Hat die Europäische Kommission mit der Entscheidung 2003/195/EG vom 16. Oktober 2002 — deren Art. 1 lautet: „Die in Artikel 11 Unterabsatz 1 des Regionalgesetzes Nr. 16 vom 27. Mai 1997 der Region Sizilien vorgesehene Beihilferegelung Italiens ist nicht mit dem Gemeinsamen Markt vereinbar.
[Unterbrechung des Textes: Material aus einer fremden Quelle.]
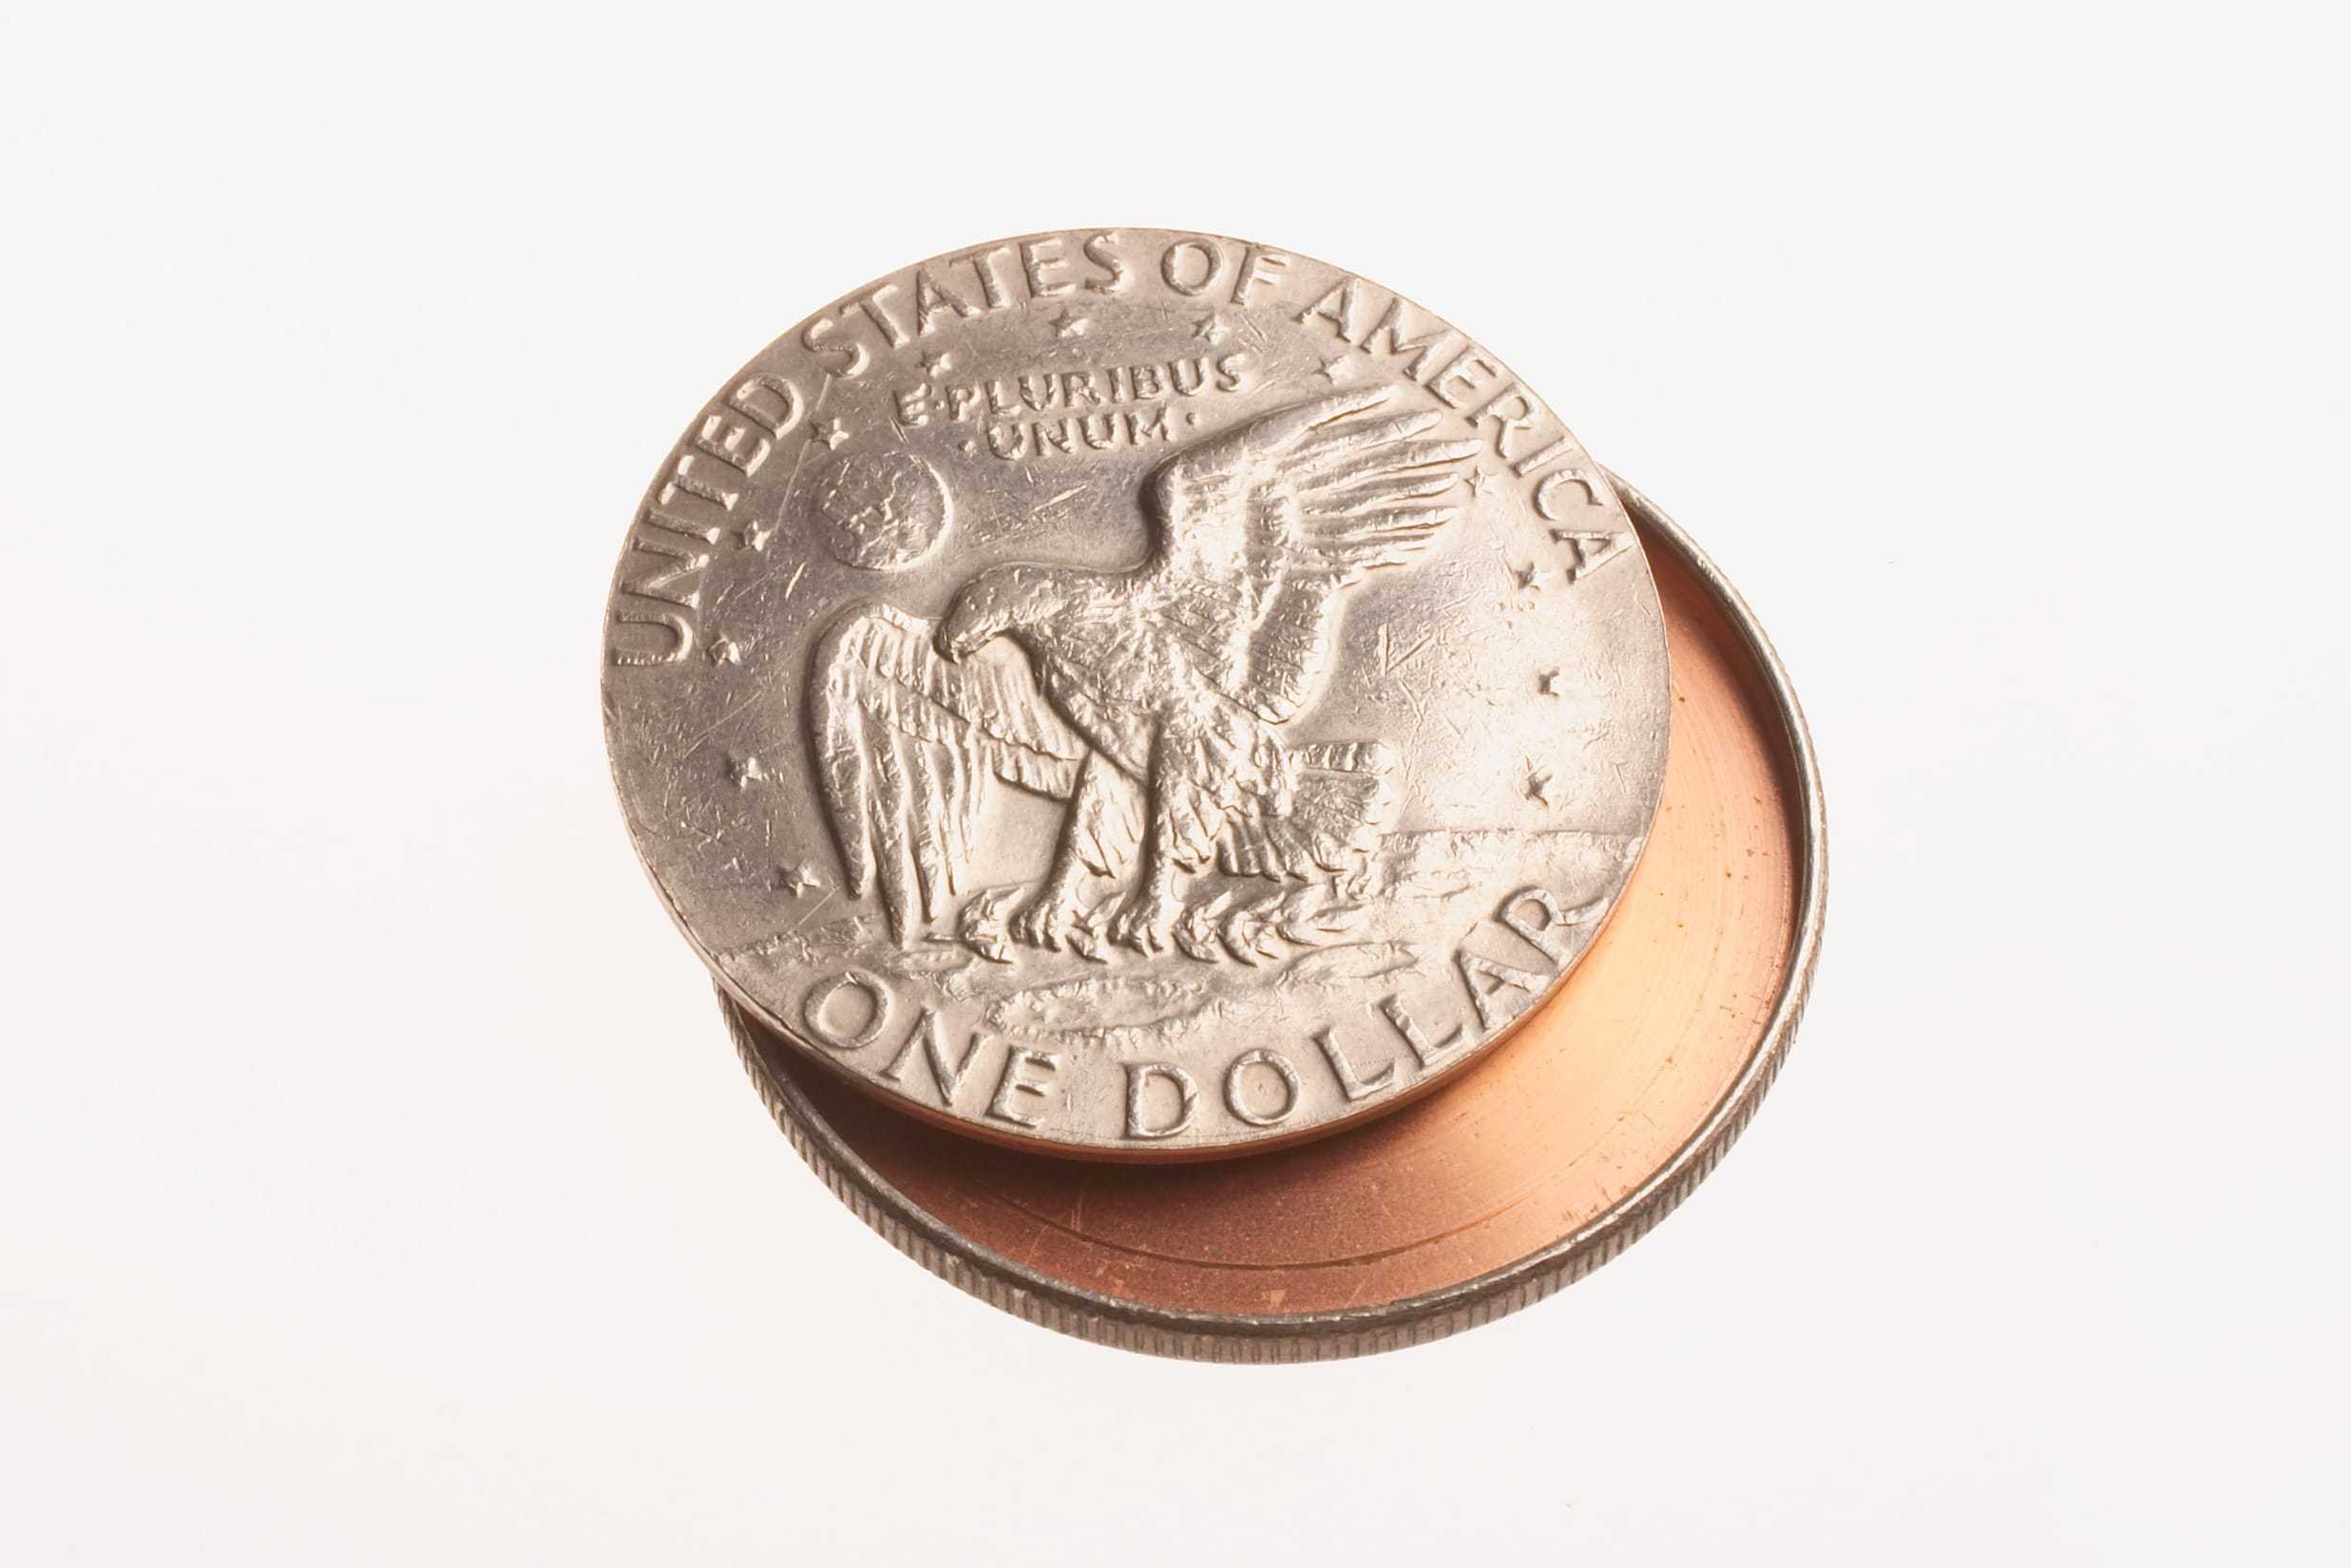 A hollow container disguised as an Eisenhower silver dollar that can conceal messages or film

Diese Beihilferegelung darf deshalb nicht durchgeführt werden.“ — beabsichtigt,
—
ihre Zustimmung zu der „neuen“, mit Art. 11 des Regionalgesetzes 16/97 angeordneten Beihilferegelung zu verweigern, weil sie diese als „autonomes“ System mit dem Ziel angesehen hat, den Zeitraum der Anwendung der mit Art. 10 des Regionalgesetzes 27/91 eingeführten Beihilfe über den 31. Dezember 1996 hinaus zu verlängern, indem in diese Beihilfe auch Einstellungs- und/oder Umwandlungskosten einbezogen werden, die in den Jahren 1997 und 1998 anfallen, oder
—
war mit dieser Entscheidung vielmehr beabsichtigt, faktisch die tatsächliche Mittelbeschaffung durch die Region zu unterbinden, um die konkrete Auszahlung der mit Art. 10 des Regionalgesetzes 27/91 eingeführten staatlichen Beihilfe auch für die vor dem 31. Dezember 1996 erfolgten Einstellungen und/oder Umwandlungen zu verhindern?
5.
Falls die Entscheidung der Kommission im Sinne der ersten Alternative in Frage 4 auszulegen ist: Ist diese Entscheidung mit der Auslegung von Art. 87 EG-Vertrag vereinbar, die die Kommission bei den entsprechenden, die Befreiung von Sozialabgaben für Ausbildungs- und Arbeitsverträge betreffenden Fällen in der Entscheidung 2000/128/EG vom 11. Mai 1999 (die die nationalen italienischen Gesetze zum Gegenstand hatte und in der Begründung der Negativentscheidung von 2002 ausdrücklich in Bezug genommen wurde) und der Entscheidung 2003/739/EG vom 13. Mai 2003 (die die Gesetze der Region Sizilien zum Gegenstand hatte) zugrunde gelegt hat?
6.
Falls die Entscheidung der Kommission im Sinne der zweiten Alternative in Frage 4 auszulegen ist: Wie ist die frühere Entscheidung über die Genehmigung der Beihilfemaßnahmen unter Berücksichtigung der zweifachen Bedeutung, die dem Adjektiv „weitere“ beigelegt werden kann — „weitere, bezogen auf das durch die Entscheidung der Kommission festgelegte Budget“ oder „weitere, bezogen auf die von der Region nur bis zum Haushalt 1996 vorgesehene Finanzierung“ —, auszulegen?
7.
Welche Beihilfen sind letztlich der Kommission zufolge rechtmäßig und welche sind nicht rechtmäßig?
8.
Welcher Partei des Ausgangsrechtsstreits (Unternehmen oder Assessorato) obliegt die Beweislast für das Nichtüberschreiten des von der Kommission selbst festgelegten Budgets?
9.
Ist eine etwaige Zuerkennung gesetzlicher Zinsen auf die verspätet gezahlten, für rechtmäßig und zulässig erachteten Zuschüsse an das Unternehmen bei der Bestimmung einer etwaigen Überschreitung des ursprünglich mit der Entscheidung Nr. 95/C 343/11 vom 14. Oktober 1995 genehmigten Budgets zu berücksichtigen?
10.
Falls die Zuerkennung bei der Bestimmung der Überschreitung zu berücksichtigen ist: In welcher Höhe sind Zinsen zu gewähren?